Task instructions »
Every line from the one holding "Zapatos hombre COLMAR" through the one holding "オーガニックCO2エキストラクト コーヒー 10ml" in the data below must be returned exactly, both ends included, with pictures left out and nothing else added.

Entries supplied »
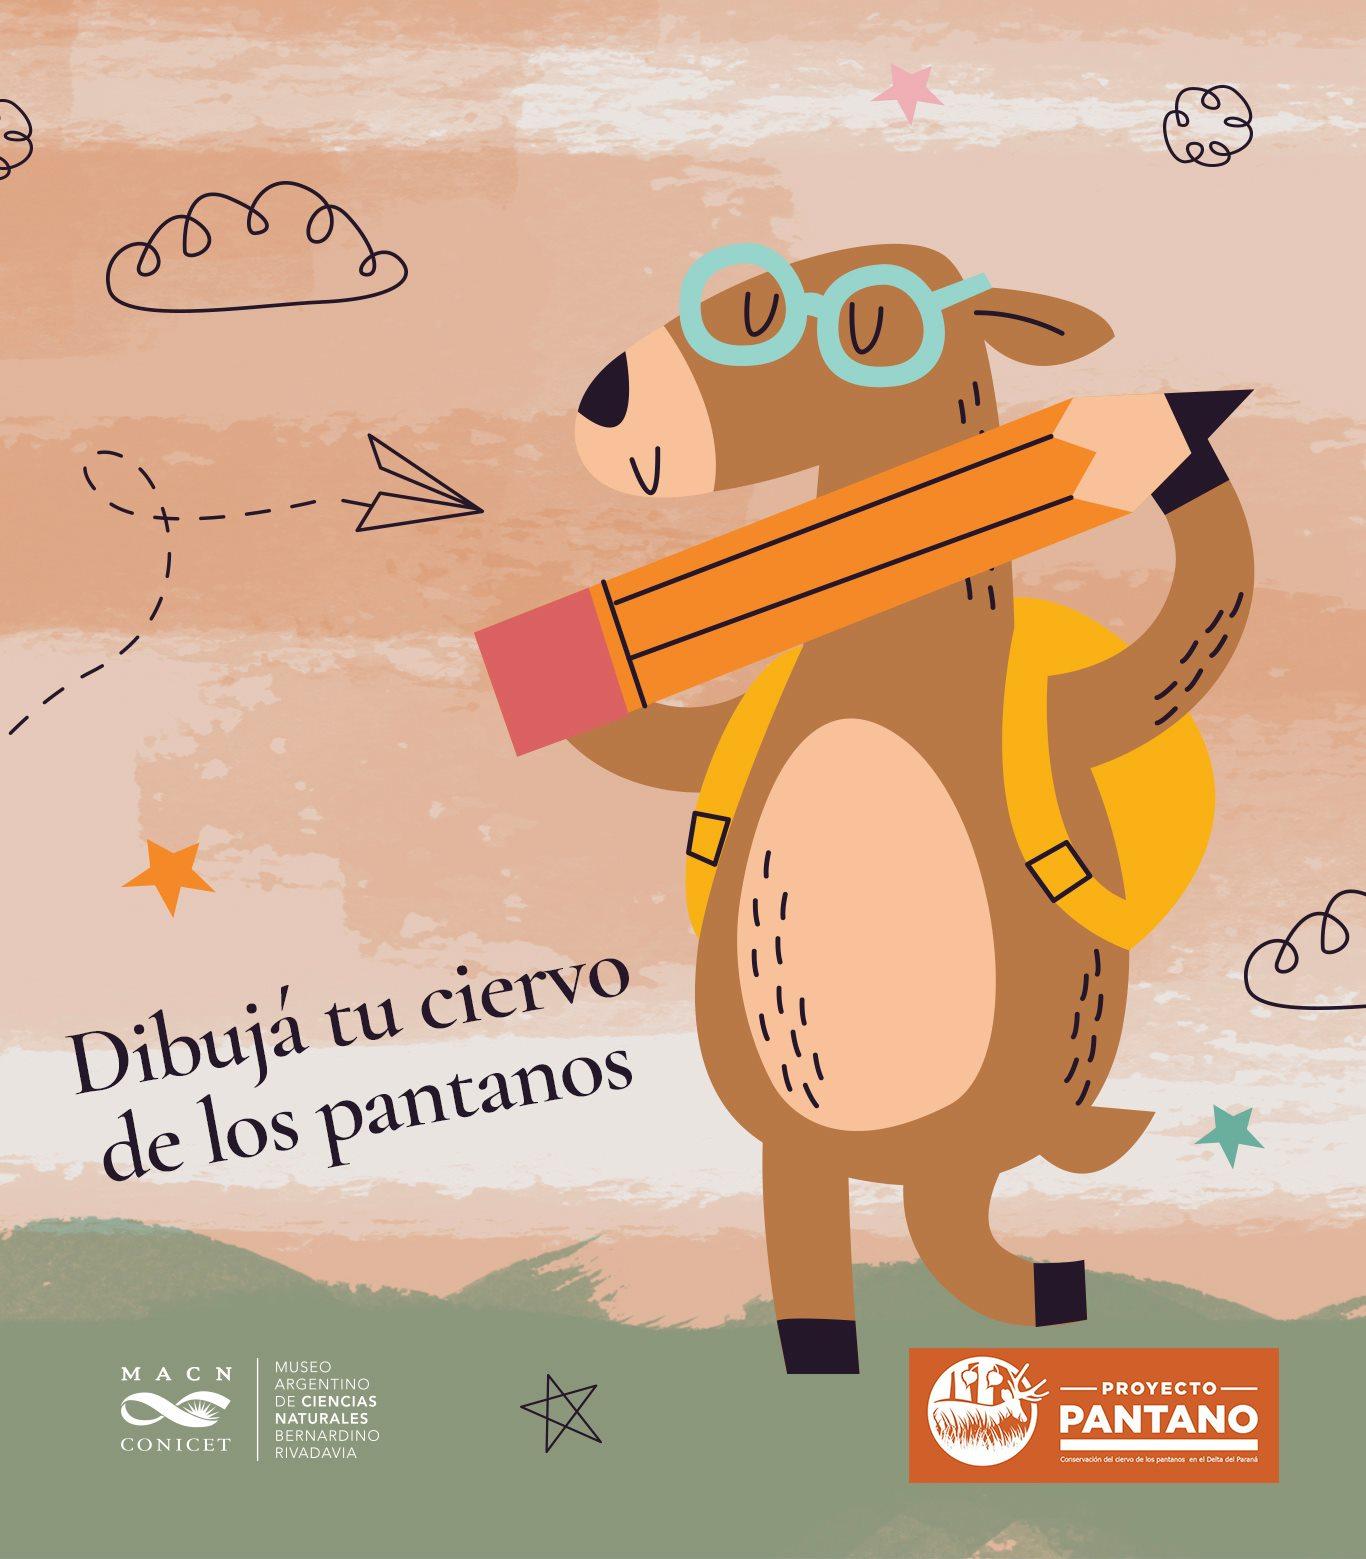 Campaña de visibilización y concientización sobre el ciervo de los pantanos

* * *

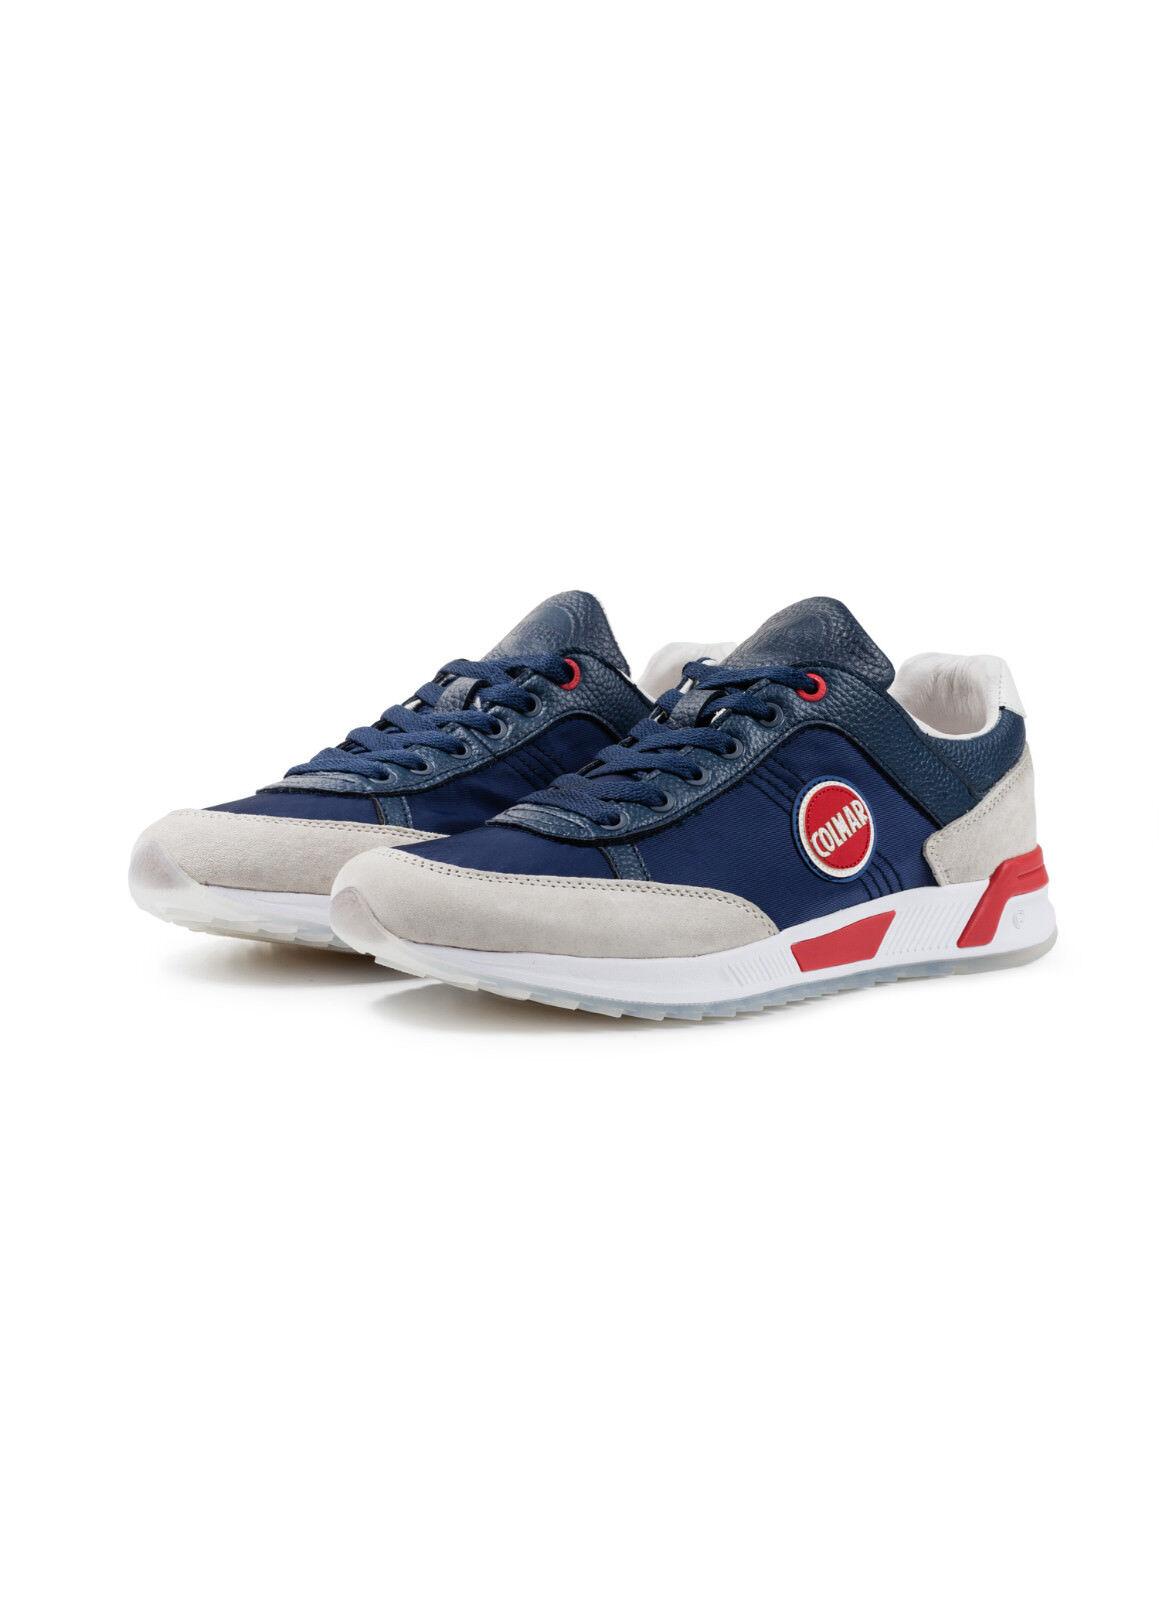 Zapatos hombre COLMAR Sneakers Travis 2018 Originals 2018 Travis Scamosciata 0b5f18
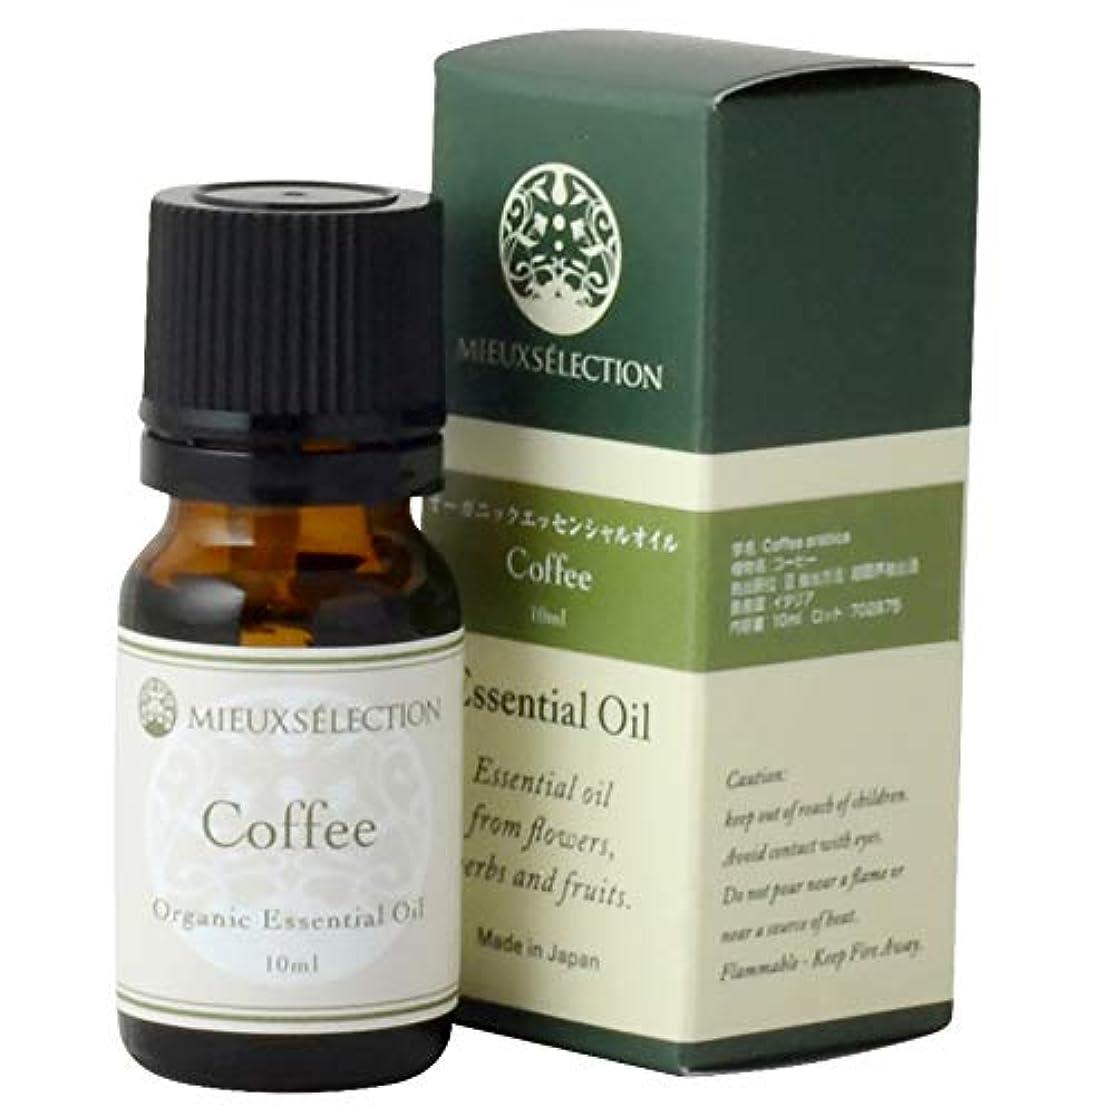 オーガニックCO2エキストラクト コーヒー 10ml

...

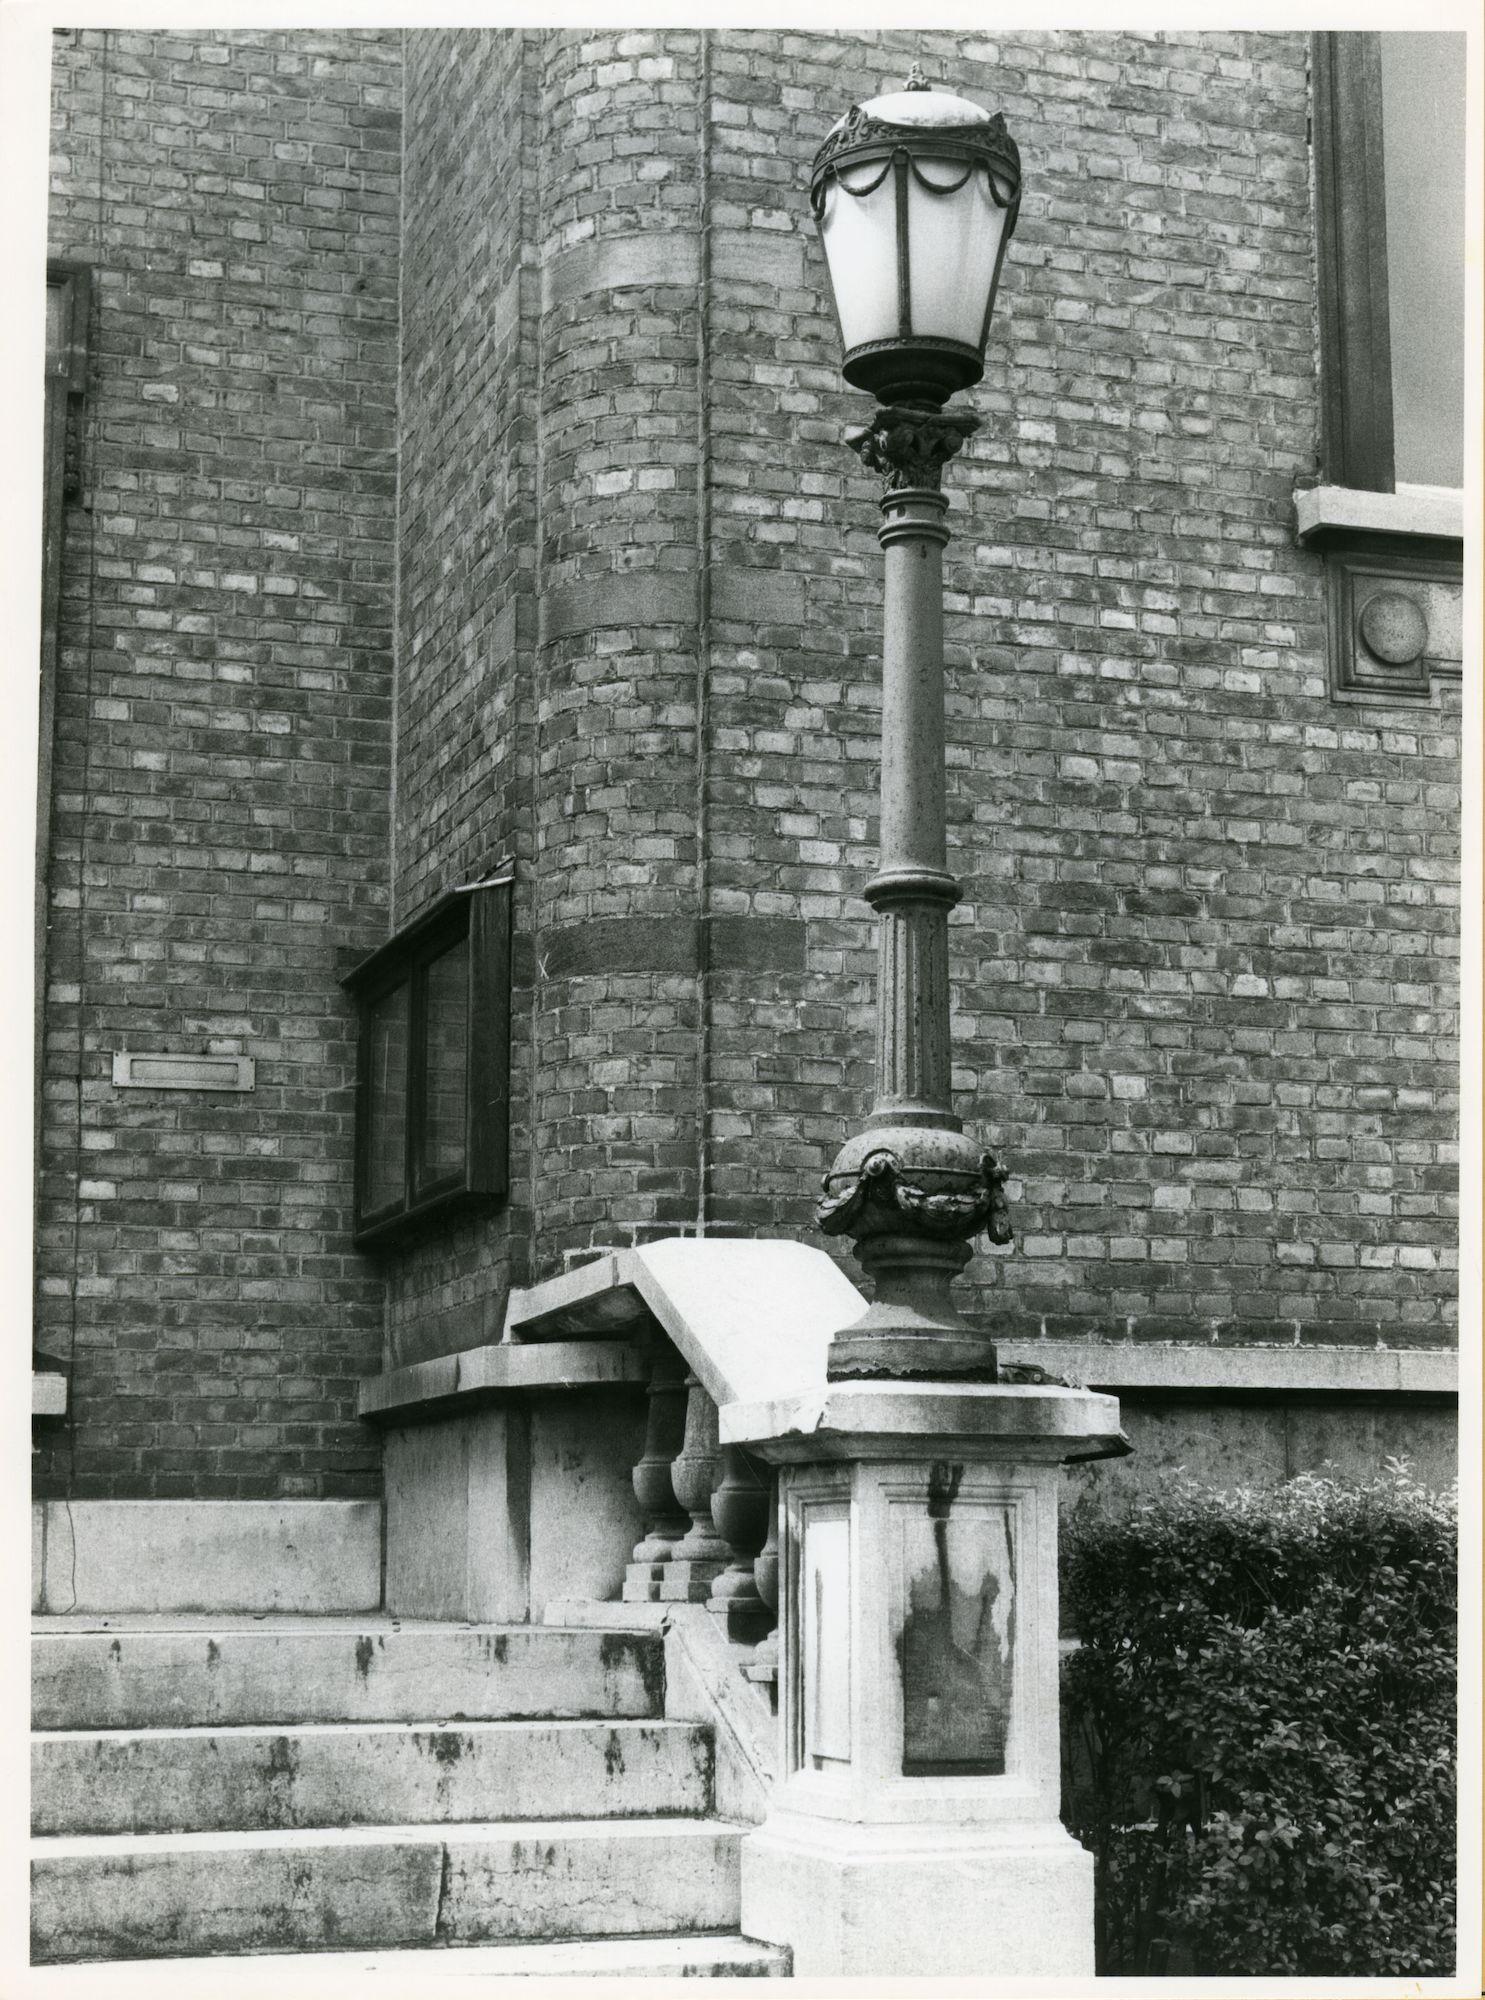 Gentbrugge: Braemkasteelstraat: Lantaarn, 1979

Exercise result »
 Zapatos hombre COLMAR Sneakers Travis 2018 Originals 2018 Travis Scamosciata 0b5f18
 オーガニックCO2エキストラクト コーヒー 10ml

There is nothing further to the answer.